DATA TO EXAMINE START

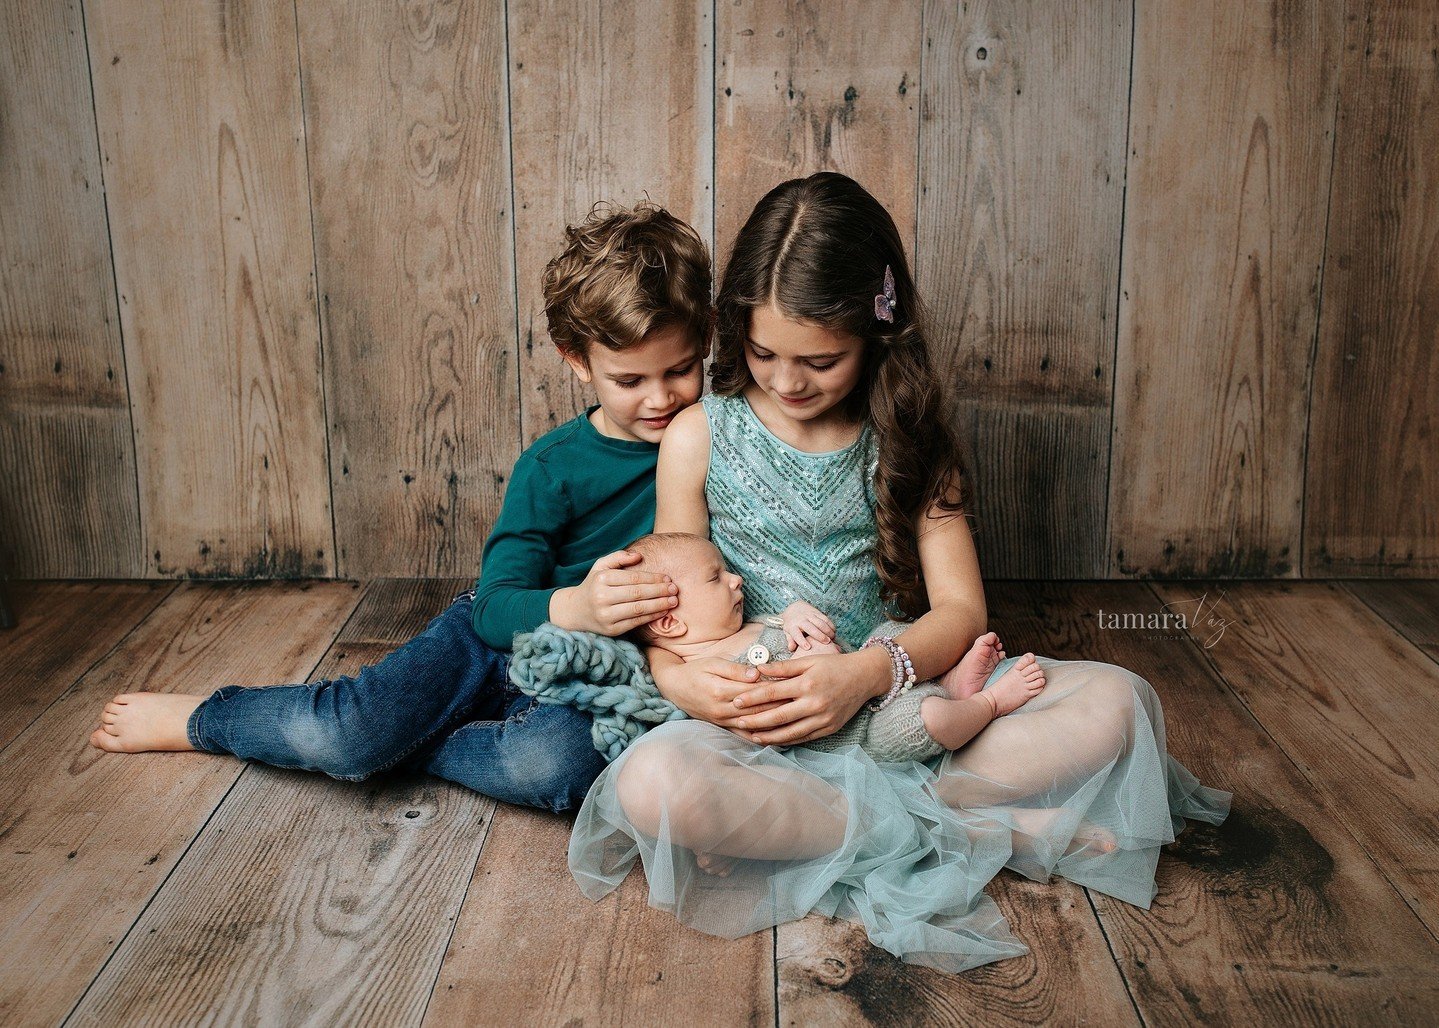 Sibling love 😍⁠
⁠
⁠
⁠
 #newbornphotography #baby #newbornphotographer #newborn #newbornsession #studiosession #photography⁠
#babydetails ⁠
njphotographer #newjersey #njfamilyphotographer #portraits #nj #njkids #njchildphotographer #njportraitphotogr

DATA TO EXAMINE END

Write out, word for word, the line containing "#babydetails ⁠" and every line after it to the end of the data above.

#babydetails ⁠
njphotographer #newjersey #njfamilyphotographer #portraits #nj #njkids #njchildphotographer #njportraitphotogr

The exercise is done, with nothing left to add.